Configuring Interactive Data Preparation Service on Grid for Scalability
The Interactive Data Preparation Service requires most memory and CPU resources for in-memory database to support high performance interactive data preparation. When too many users try to prepare data simultaneously, performance of the interactive preparation can decline. The administrator might need to upgrade the hardware to improve the performance levels. To support increased preparation data volumes, the administrator can achieve horizontal scaling by creating a Interactive Data Preparation Service Grid with multiple service nodes.
Each user is assigned a node in the grid using round-robin method to distribute the load across the nodes. Homogeneous combinations of nodes are allowed. You can combine nodes with the same operating system, same CPU, same memory, and security setup. This allows for seamless restoration of data after node failures, enabling the Interactive Data Preparation Service to be highly available.
- 1. Install the Enterprise Data Preparation binaries on every node that is part of the grid.
- 2. Select Grid while configuring the Interactive Data Preparation Service.
- 3. Ensure that all of the folder locations mentioned in the configuration are present in all the nodes.
You can add or remove nodes dynamically from a grid. When a node is added into an active grid, the Interactive Data Preparation Service process does not start automatically. The Enterprise Data Preparation administrator must enable the process in the Processes tab of the Interactive Data Preparation Service to start the process in the node.

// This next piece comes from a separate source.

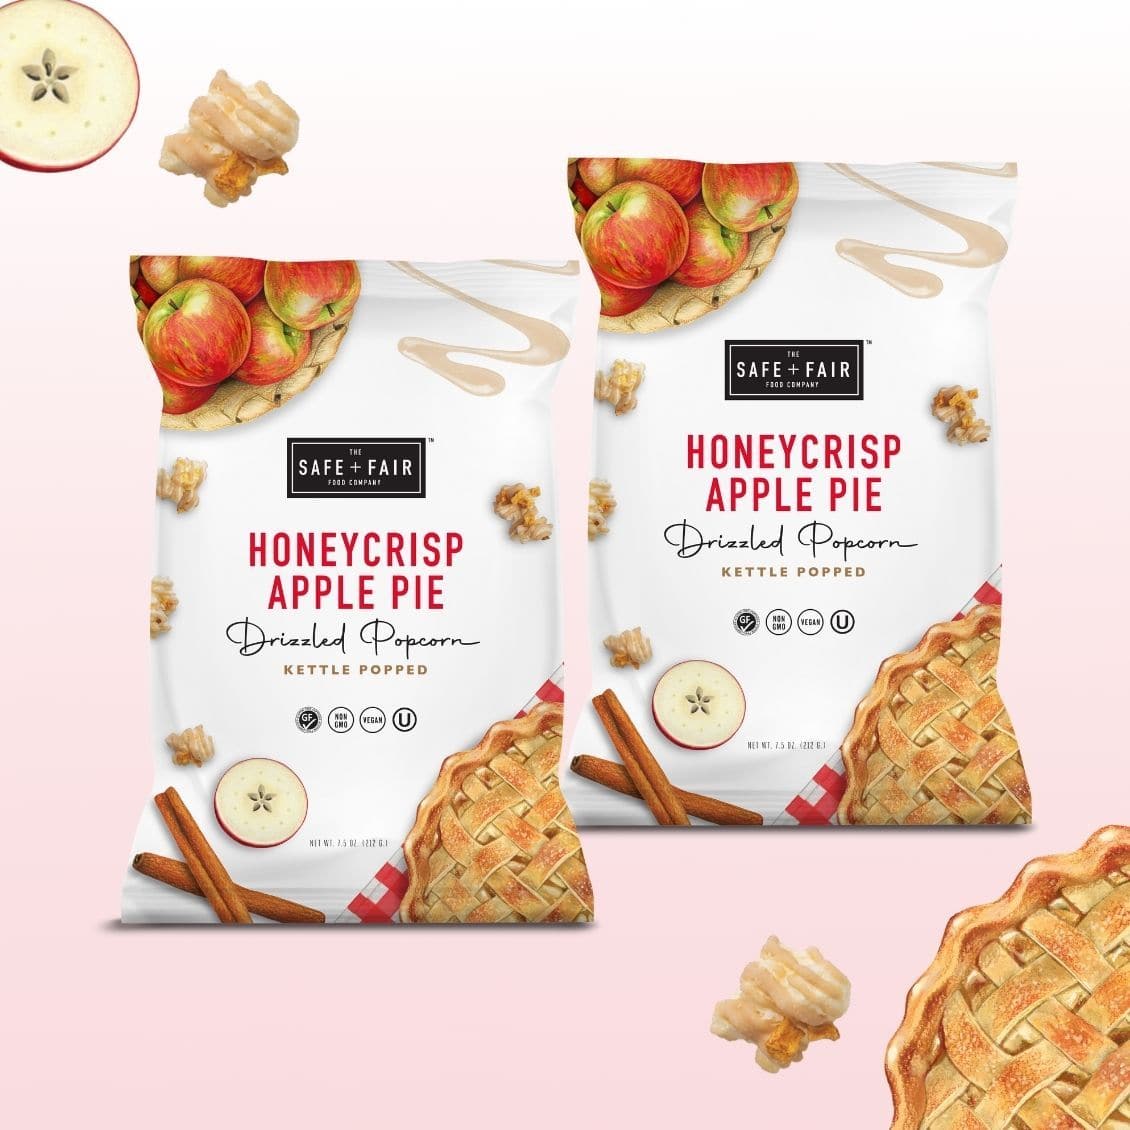 Apple Pie Popcorn – Maize Gourmet Popcorn & Ice Cream

Adding a New Node when the Interactive Data Preparation Service is Running
When you add a new node to the grid where the Interactive Data Preparation Service runs, the new node will be in the Disabled state.
1. Log in to the Administrator tool.
2. Click Services.
3. Select the Interactive Data Preparation Service from the list.

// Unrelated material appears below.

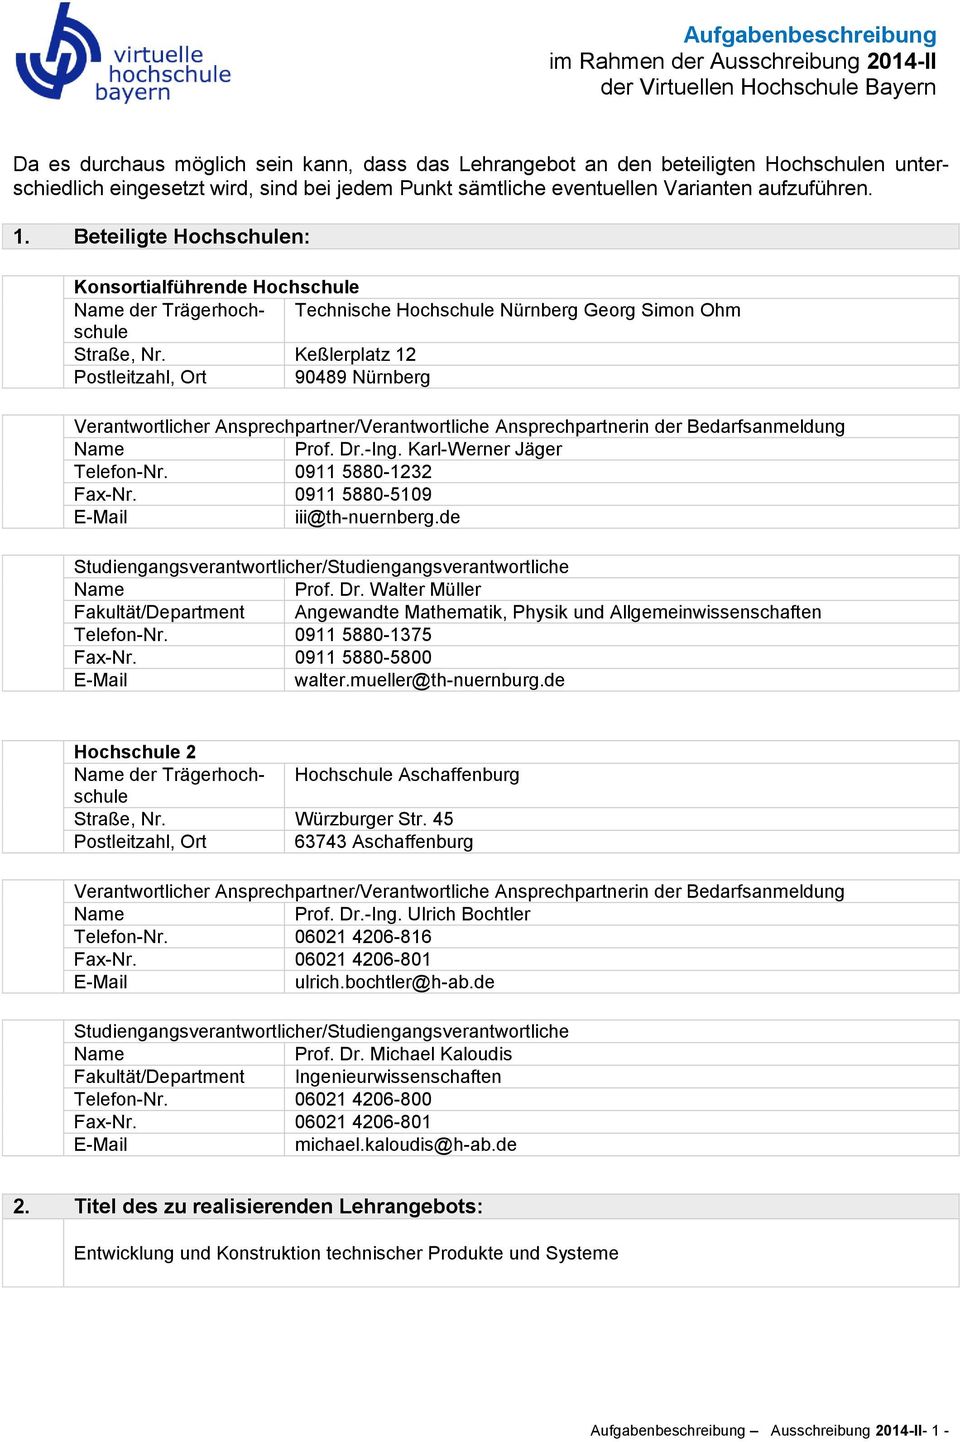 Beteiligte Hochschulen: Konsortialführende Hochschule der Trägerhochschule Technische Hochschule Nürnberg Georg Simon Ohm Straße, Nr.

4. Click the Processes tab of the service.
5. Select the newly added node.
6. On the top right hand corner, click the Enable icon to start the process.
A warning message appears.
7. Click OK.
Removing Interactive Data Preparation Service Nodes from the Grid
At least one node should be active for the Interactive Data Preparation Service to run.
When you shut down a node or a node goes down, it does not affect the Interactive Data Preparation Service as long as at least one node remains enabled in the grid. An active session will not be automatically recovered. An error will appear and the user must reconnect the session to continue. If all the nodes in a grid are removed or shut down, the Interactive Data Preparation Service is disabled.
Monitoring Interactive Data Preparation Service Node Status
You can troubleshoot by finding the state of the Interactive Data Preparation Service nodes in a grid at any given point in time.
To find the nodes of the service along with the state, connect to the Data Preparation repository and execute the following SQL query:
select node_id, node_ip, state, created_ts, node_port, isp_node_name from dp_physical node;
The state column shows the current state of the node service. It can be in any of the following states:
- •ACTIVE: The node is ready to take new user sessions.
- •SUSPECTED_UNREACHABLE: The node cannot accept new sessions as peer-check operation is failing on that node. The node might not be completely down as the server may recover after a brief period of high load.
To find the user to node assignment, connect to the Data Preparation repository and execute the following SQL query:
select login_id, node_ip, a.node_id, isp_node_name from dp_physical_node a, dp_user u, dp_user_to_node_map m where a.node_id = m.node_id and u.id = m.user_id;